We all experience bad days: those days where you just feel that the world is on your shoulders and you have all the energy of a permanently exhausted pigeon. For people who suffer from depression, anxiety, or a host of other mental health issues, this is not the exception – it’s the rule. It’s about being too tired to get up or having such low motivation that you can’t even think about doing anything other than just lying in the same position forever. This is the daily struggle of someone suffering from a mental illness. Although medication and therapy can and do make a big change in these peoples’ lives, happiness still relies on the person and the choices they make to keep themselves positive, happy, and motivated.

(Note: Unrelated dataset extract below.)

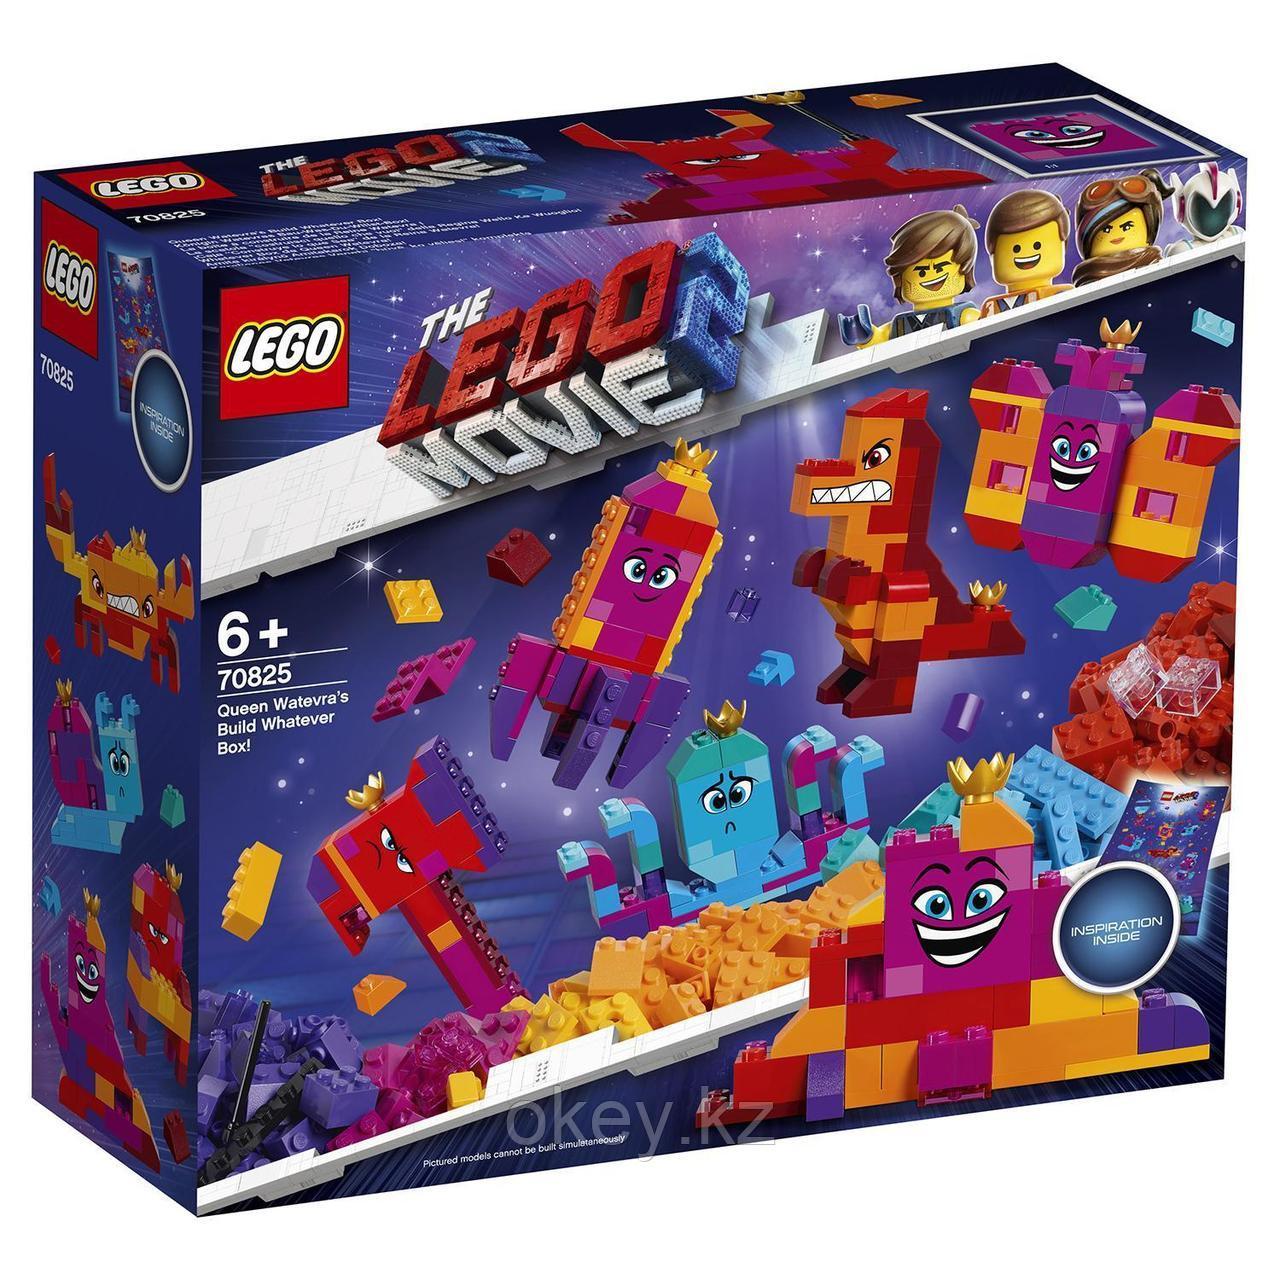 LEGO Movie: Шкатулка королевы Многолики Собери что хочешь 70825

Now please don’t get me wrong, I am not saying that someone with a mental illness should just snap out of it (I know that feeling all too well). What I am saying is that, as with most chronic illnesses and especially depression and other chronic mental health problems, it is a fight for health every day. The moment you give in or decide to just give up on life, you allow the depression to steal just a little bit more of who you are. Whether you are suffering from a mental illness, going through a slump, or just having a bad day, here are a few simple things you can do on a daily basis that will turn those down days into more positive and constructive days.
- Get up
We have probably all been there (me more than most) when you lay in bed trying to convince yourself that you have some terminal contagious disease and therefore you need to stay in bed. Or you have thought of every excuse in the book to not go to work! At some stage, you may have even considered faking your own death (I know I have). However, I have found when I just get up and get dressed (this is sometimes harder than moving mountains) it brings some purpose to my life. No matter how insignificant it may seem, it is an important step in getting your day off to a great start. Therefore, practice good sleep hygiene. Go to bed at a reasonable hour, get your 8 hours of Z’s, and switch off all electronics at least half an hour before bedtime.
- Get moving
One of the best natural combatants of depressive symptoms is exercise. For some, exercise is part of their daily routine and they tend to be quite energetic and healthy people, but if your biggest struggle in the morning is to just get your eyes open, going to the gym at 05:00 and working in 12 rounds of cardio may be a bit ambitious. It is here where most people miss the plot – you do not need to be the next CrossFit champion to fight your depression, you just need to get moving! Therefore, start small and easy. Go for a quick walk around your house, do 10 jumping jacks before you get in the shower, put on some of your favorite music and get dancing. It does not need to be an elaborate exercise plan, it just has to be something that gets your heart beating faster, your adrenalin pumping and your blood flowing.
- Get healthy
A healthy body supports a healthy mind. Make sure that you get enough vitamins and minerals in to keep you energized and going throughout the day. When we find ourselves in a slump or in the grips of a depressive episode, we tend to crave junk food, chocolates, sugar, and simple carbohydrates. The problem with this is that these foods take us on a sugar high and then drop us; they do not provide sustainable energy. So you end up getting these tiring dips that feel like you just do not have the energy to do anything. Eat a healthy breakfast in the morning and make sure you eat regularly throughout the day. Drink lots of water and cut down on your caffeine intake.
- Get going
Many people suffering from depression find it helpful to plan for the day ahead. In doing so, they know how much time they have for each activity and do not allow themselves the time to just sit around or wallow about their depressed feelings. Therefore, set goals, practice good time management and plan your day so that you can plan your energy. Write down the tasks for each day and make sure you do not overexert yourself. Make time for the things that are important in your life: plan for “me-time”, “family-time”, rest and social interactions. In doing so, it gives you a roadmap for each day that you can prepare for accordingly.
- Get help
You are not an island. So often we feel that we do not want to burden the people in our lives with our problems, as we may feel that they will not understand or they will judge us. This is very seldom true. Surround yourself with people who will support you and who are able to bring out the best in you. Make plans to go have coffee with a friend, or go watch a movie. If you feel that you maybe need to sharpen up your social skills, go do a short course. If it seems that your bad days are not getting better and you feel too overwhelmed, make an appointment with your psychologist, therapist, social worker or doctor.